И хотя не было на свете ничего смешнее того, чем приходилось заниматься, благодаря этой работе немного оживилась. Я приходила в муниципалитет два раза. Меня усадили за стол главы муниципалитета. Один из членов комитета, судя по его виду, только недавно надевший тюрбан и отрастивший бороду, восклицал:

— Женщина среди местных делегатов! Просто переворот какой-то! — С этими словами он подносил руки к лицу, как во время молитвы.

Ему вторил местный адвокат, во время революции несколько лет занимавший должность депутата в меджлисе.

— Даст Аллах, наступит день, когда вы увидите женщин на всех высших постах. Ибо сейчас очевидно, что никакого добра от мужчин этому миру увидеть больше не придется, — пошутил он.

Как я потом узнала, этот депутат был немного оппозиционером (или из тех, кого вы называете недовольными; особой разницы между ними я не вижу). Но из-за того, что они над ним несколько раз издевались, а он, будучи по природе своей человеком ленивым и нерешительным, не отваживался говорить открыто, ограничиваясь такими вот полушутками-полунамеками.

Не странно ли, но человеком, который мне это растолковал, стал главный районный секретарь. За полчаса до этого он расписывал мне адвоката как человека мудрого, образованного и приятного собеседника.

У адвоката во время разговора начинал дергаться один глаз — что-то вроде нервного тика.

Но он рассказал мне об этом сам:

— Ох, маленькая госпожа, ваш покорный слуга болен. Во время разговора у меня нет да и моргнет один глаз, будто знак подает кому-то. Как-то раз мне за это чуть не досталось от мужа одной женщины в Стамбуле. Вы, ради Аллаха, только ничего не подумайте, если я вдруг вам так подмигну.

И пока все присутствующие в комнате немного посмеивались, как будто стесняясь меня, он прибавил, поглаживая пальцами щеку с проступавшей седой щетиной:

— По правде говоря, положение таково, что мы не вправе сказать «да», даже если они будут нас умолять…

Чтобы ни сказал этот человек, волна смеха накатывала на всех собравшихся и прежде всего на самого главу муниципалитета. Каждый раз кто-нибудь обязательно говорил:

— Вот дает, шутник! Скажет так скажет!

Вы только подумайте, какой же пресной должна быть тут жизнь, что даже самые плоские остроты старика веселили лучше водевиля.

Кроме главного секретаря и тех людей, кого я перечислила, в комитет входили еще двое грузных мужчины средних лет да молодой человек лет двадцати восьми с густыми бровями и весь усеянный родинками.

Один из толстяков заведовал сельским хозяйством, другой был членом меджлиса в вилайете.

Эти два чрезвычайно похожих друг на друга человека сидели молча и, сложив усыпанные кольцами пухлые руки на выступавших животах, избегали смотреть мне в лицо и почти не шевелились.
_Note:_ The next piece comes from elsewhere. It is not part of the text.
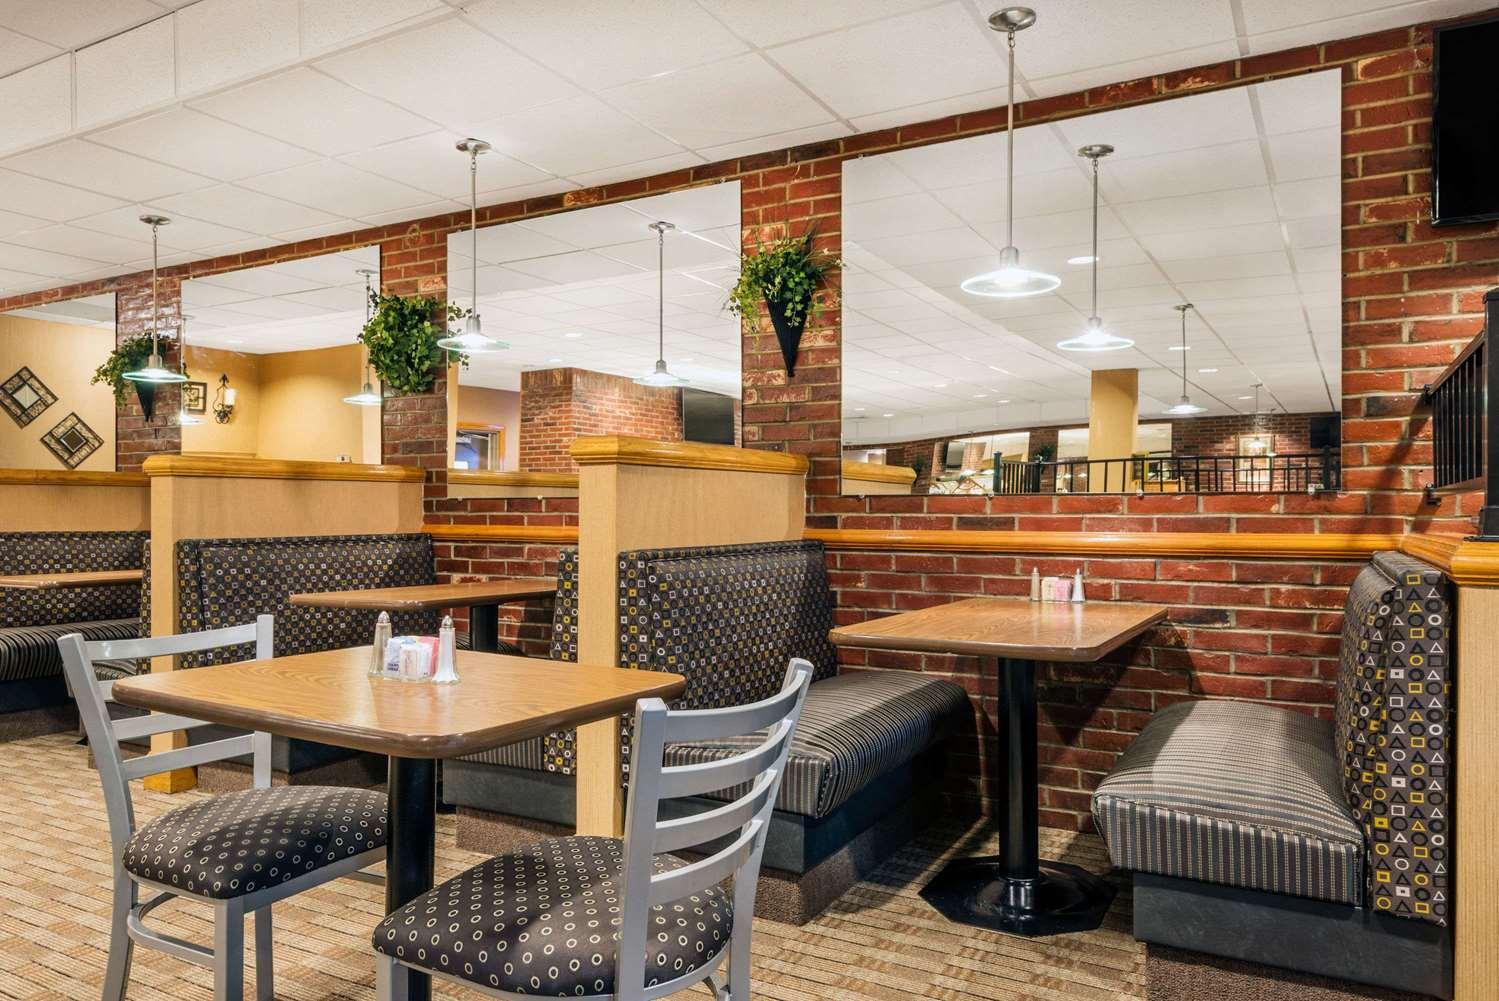 Ramada Inn & Conference Center Paintsville, KY - See Discounts

Они воспринимали меня только как женщину, а потому старались не смотреть, и их взгляды скользили по сторонам.

Все время, пока я с трудом доедала местное угощение — чернильного цвета мороженое из шелковицы[51] и последние куски пирога, они беседовали ни о чем.



Когда городской глава забирал у меня тарелку, он случайно пролил несколько капель растаявшего мороженого мне на юбку и весь сконфузился. Хотя я уверяла, что ничего страшного, он велел уборщику, принести тряпку и мыло и хотел уже было стереть пятно сам. Но тут понял, что не сможет сделать это, чтобы не дотронуться до меня, и в итоге сунул тряпку мне в руки.

Непонятно почему, но я вдруг начала смеяться. Чуть погодя главный секретарь, видимо желая быть любезным, сморозил бесподобную фразу:

— Ба, а наша госпожа-то ведь как соловей разговаривает. Что за душа, а гордыни…

Наконец-то я поняла, в чем дело. Когда я только приехала в Силифке, гости просто наводнили наш дом. К части гостей я даже не вышла, так как полностью погрузилась в душевные переживания. Другую же часть, встретиться с которой меня принудила мать, я распугала своей нелюдимостью и молчанием. Все это послужило причиной того, что поползли слухи, особенно среди женщин, о том, какая я гордячка и сумасбродка.

Самым современным человеком из всех местных оказался опять-таки секретарь, из уст которого прозвучало официальное опровержение ходивших про меня слухов.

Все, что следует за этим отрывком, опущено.